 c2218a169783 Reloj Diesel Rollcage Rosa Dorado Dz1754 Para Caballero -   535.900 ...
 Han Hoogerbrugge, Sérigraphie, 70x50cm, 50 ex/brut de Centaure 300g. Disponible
══════
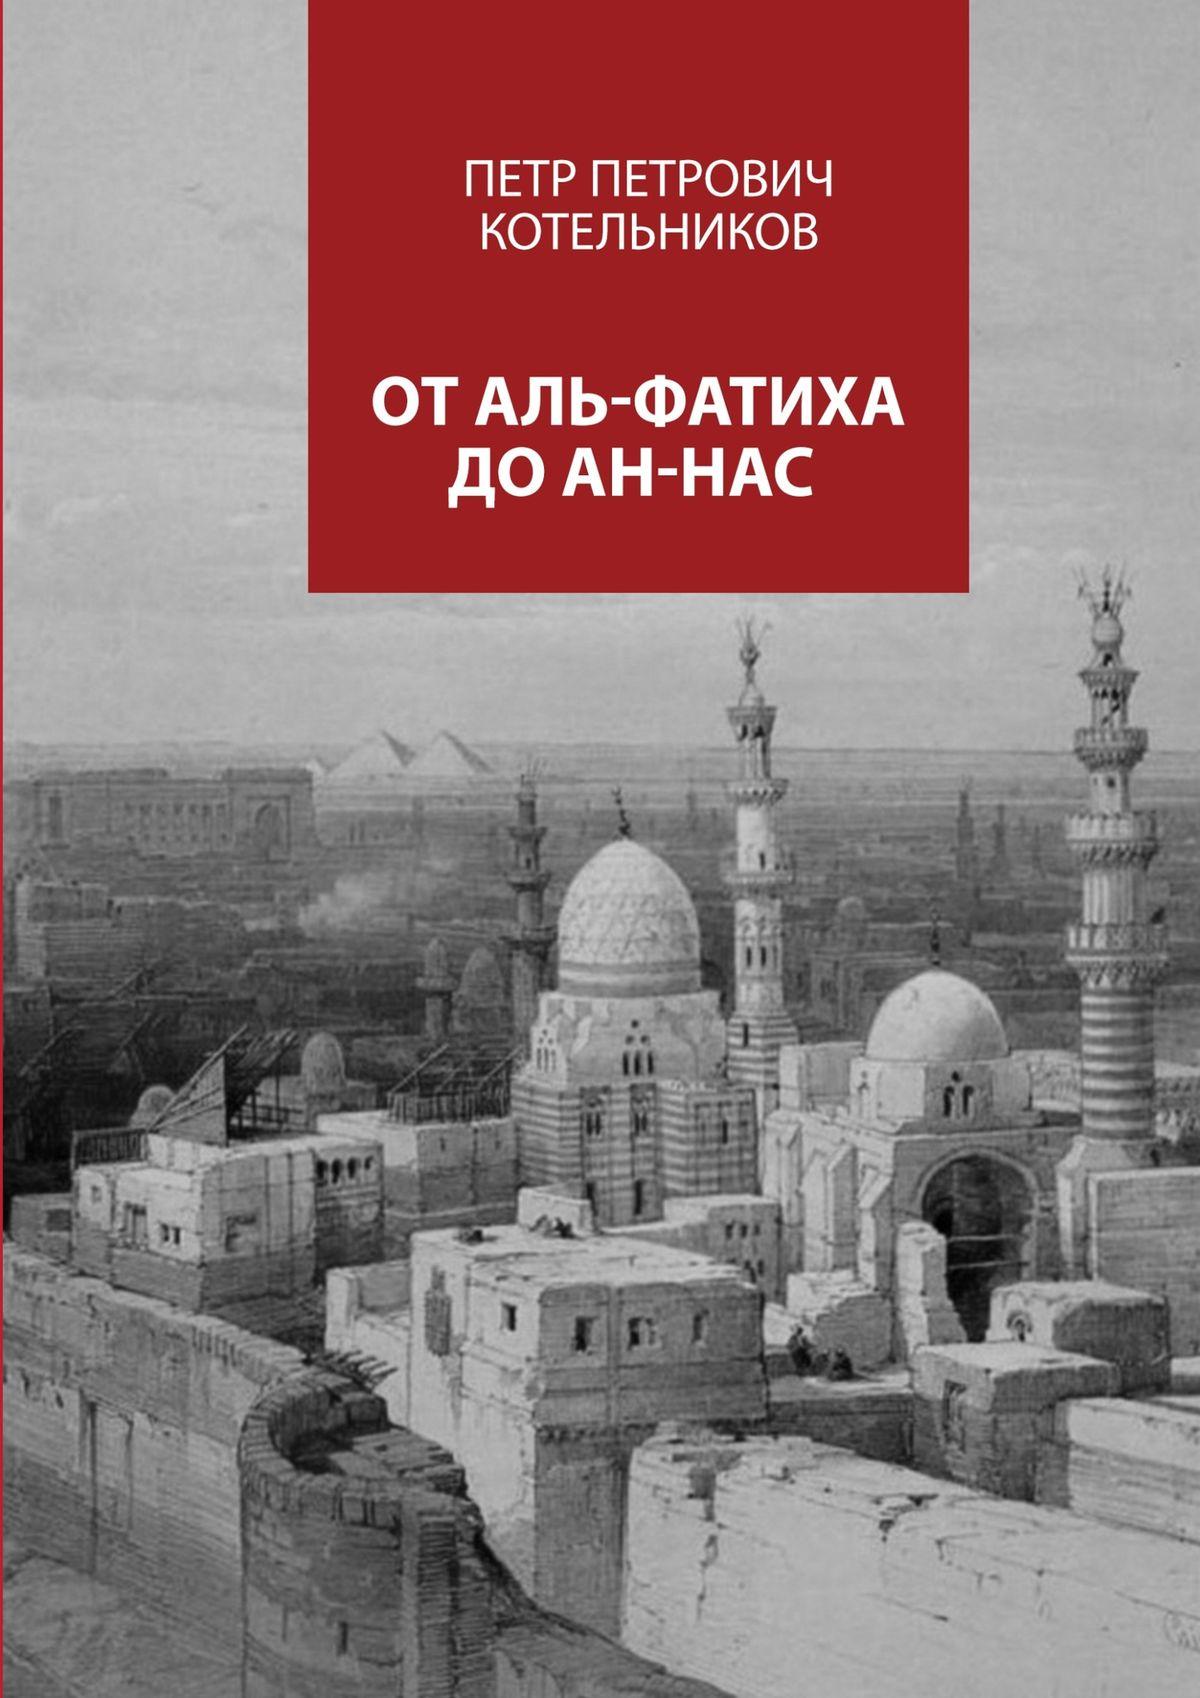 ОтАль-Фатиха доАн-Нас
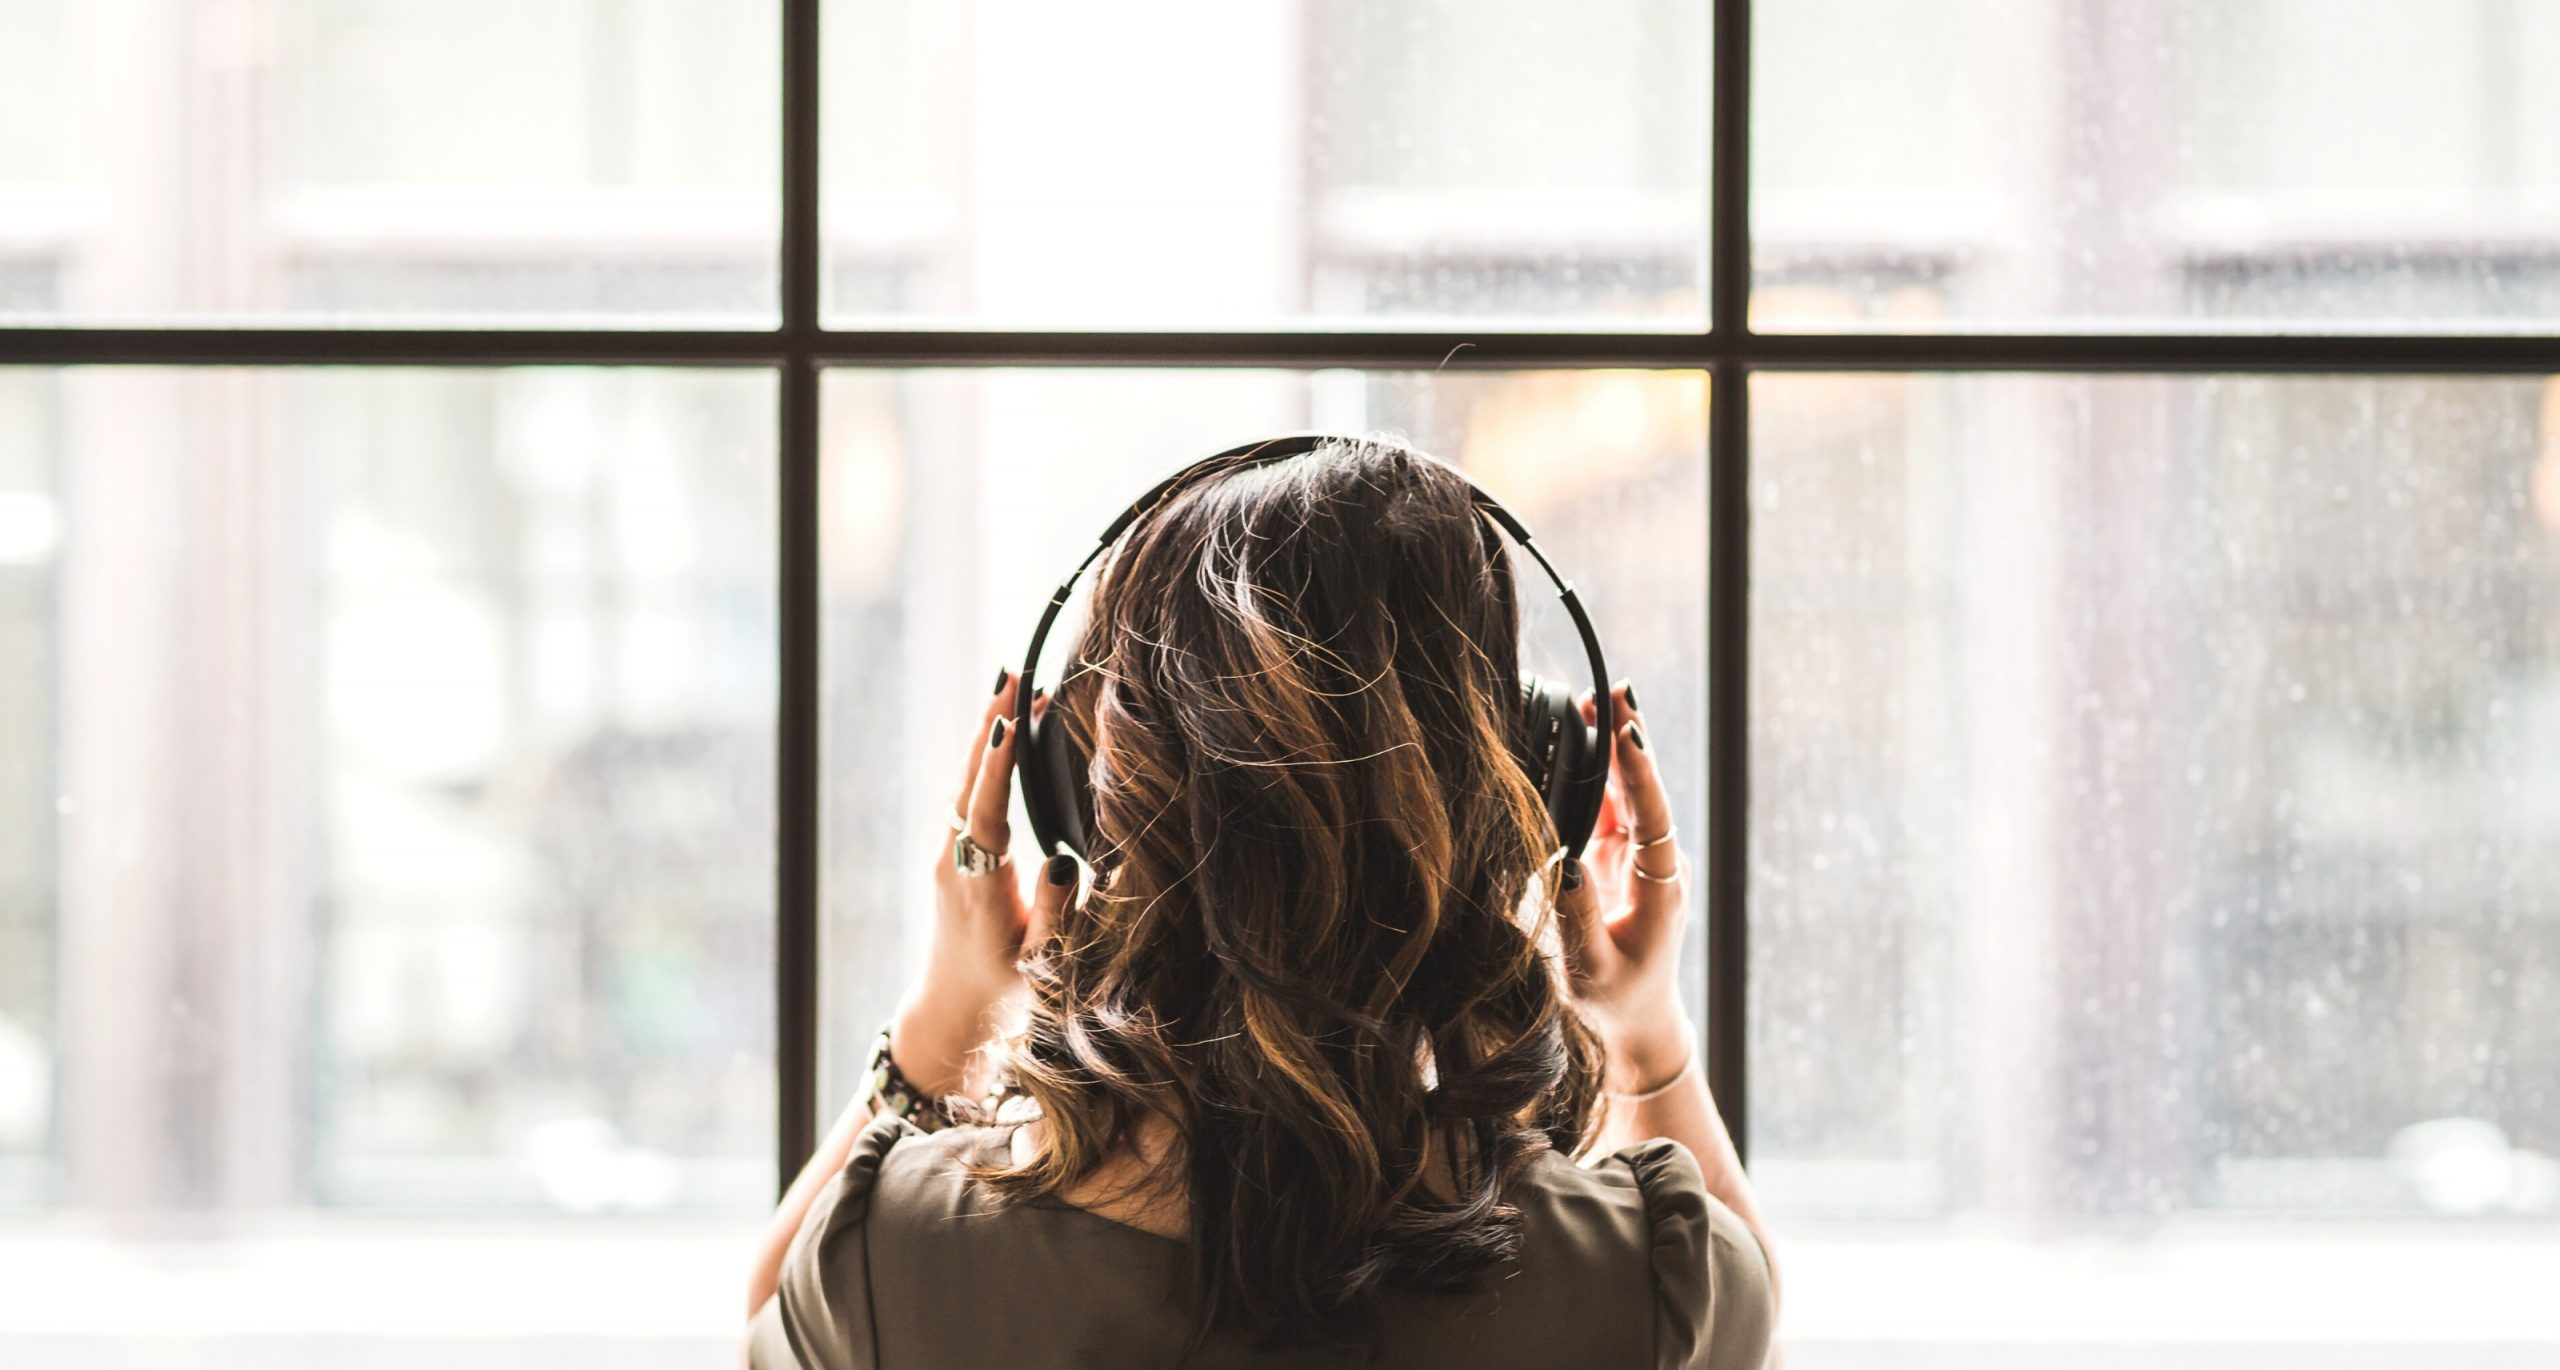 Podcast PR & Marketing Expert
══════
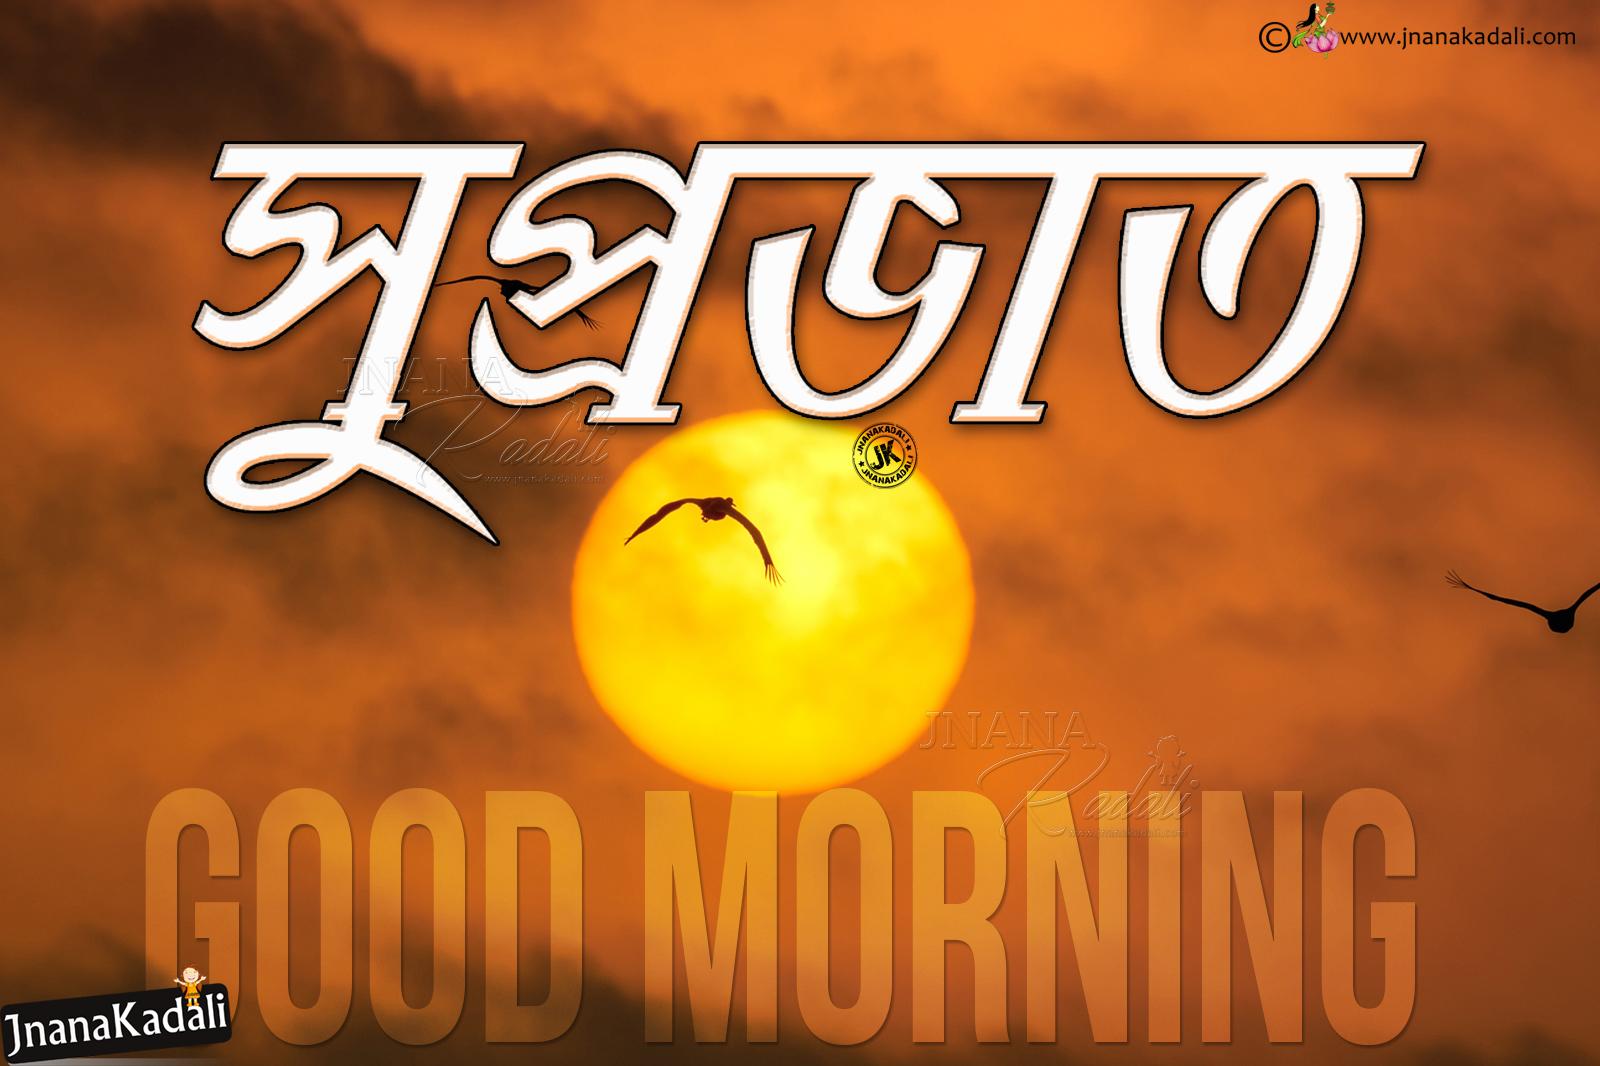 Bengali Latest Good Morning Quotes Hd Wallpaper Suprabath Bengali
══════
* Work request
Working from the material above, restate word for word the lines between the line with "c2218a169783 Reloj Diesel" and the line with "Han Hoogerbrugge, Sérigraphie, 70x50cm, 50", both included, and only those.

* Answer box
 c2218a169783 Reloj Diesel Rollcage Rosa Dorado Dz1754 Para Caballero -   535.900 ...
 Han Hoogerbrugge, Sérigraphie, 70x50cm, 50 ex/brut de Centaure 300g. Disponible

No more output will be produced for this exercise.